Records to process Start Marker

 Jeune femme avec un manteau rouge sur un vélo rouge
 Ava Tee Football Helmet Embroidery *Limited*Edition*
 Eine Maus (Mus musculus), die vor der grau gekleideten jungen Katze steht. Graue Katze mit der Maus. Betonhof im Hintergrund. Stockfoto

Records to process End Marker
Records to process Start Marker

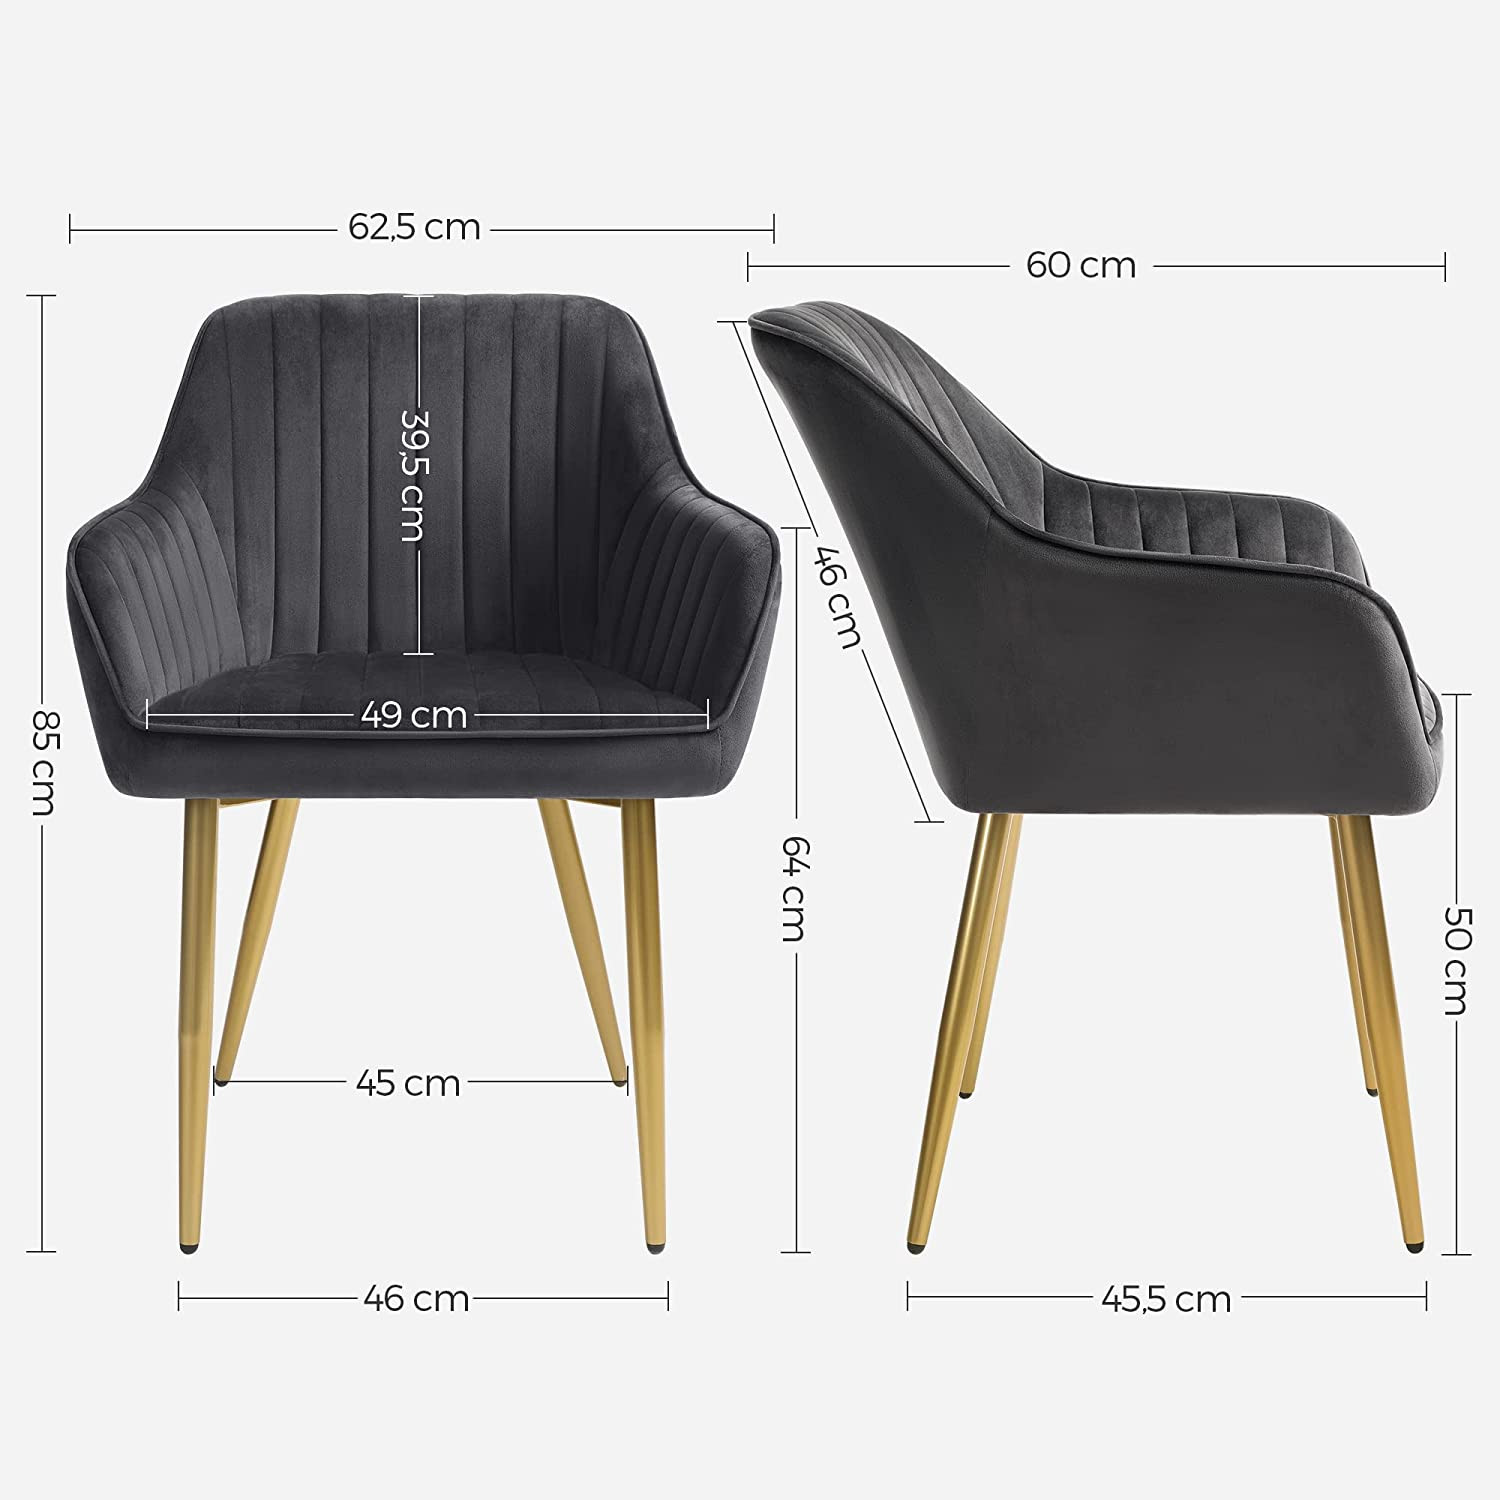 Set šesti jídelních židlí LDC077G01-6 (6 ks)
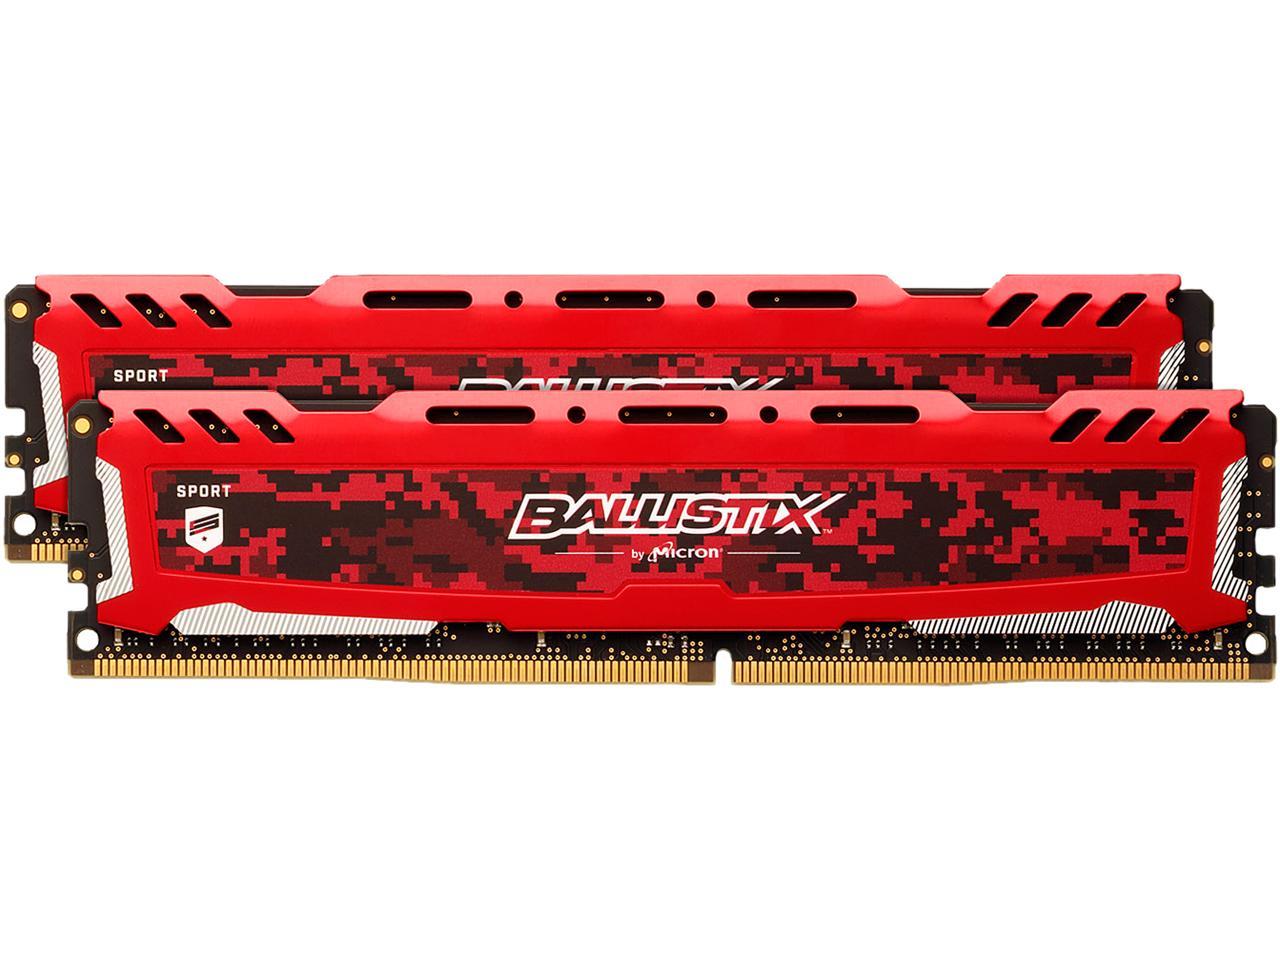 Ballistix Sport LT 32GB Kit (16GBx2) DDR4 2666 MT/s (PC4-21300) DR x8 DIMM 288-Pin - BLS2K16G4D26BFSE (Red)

Records to process End Marker
Records to process Start Marker

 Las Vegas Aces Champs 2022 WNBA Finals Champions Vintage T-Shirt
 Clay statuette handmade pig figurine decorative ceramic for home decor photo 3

Records to process End Marker

Work item: Beginning with the line above that contains "Ava Tee Football", copy each line exactly up to and including the line that contains "Eine Maus (Mus", and go no further.

Answer below:
 Ava Tee Football Helmet Embroidery *Limited*Edition*
 Eine Maus (Mus musculus), die vor der grau gekleideten jungen Katze steht. Graue Katze mit der Maus. Betonhof im Hintergrund. Stockfoto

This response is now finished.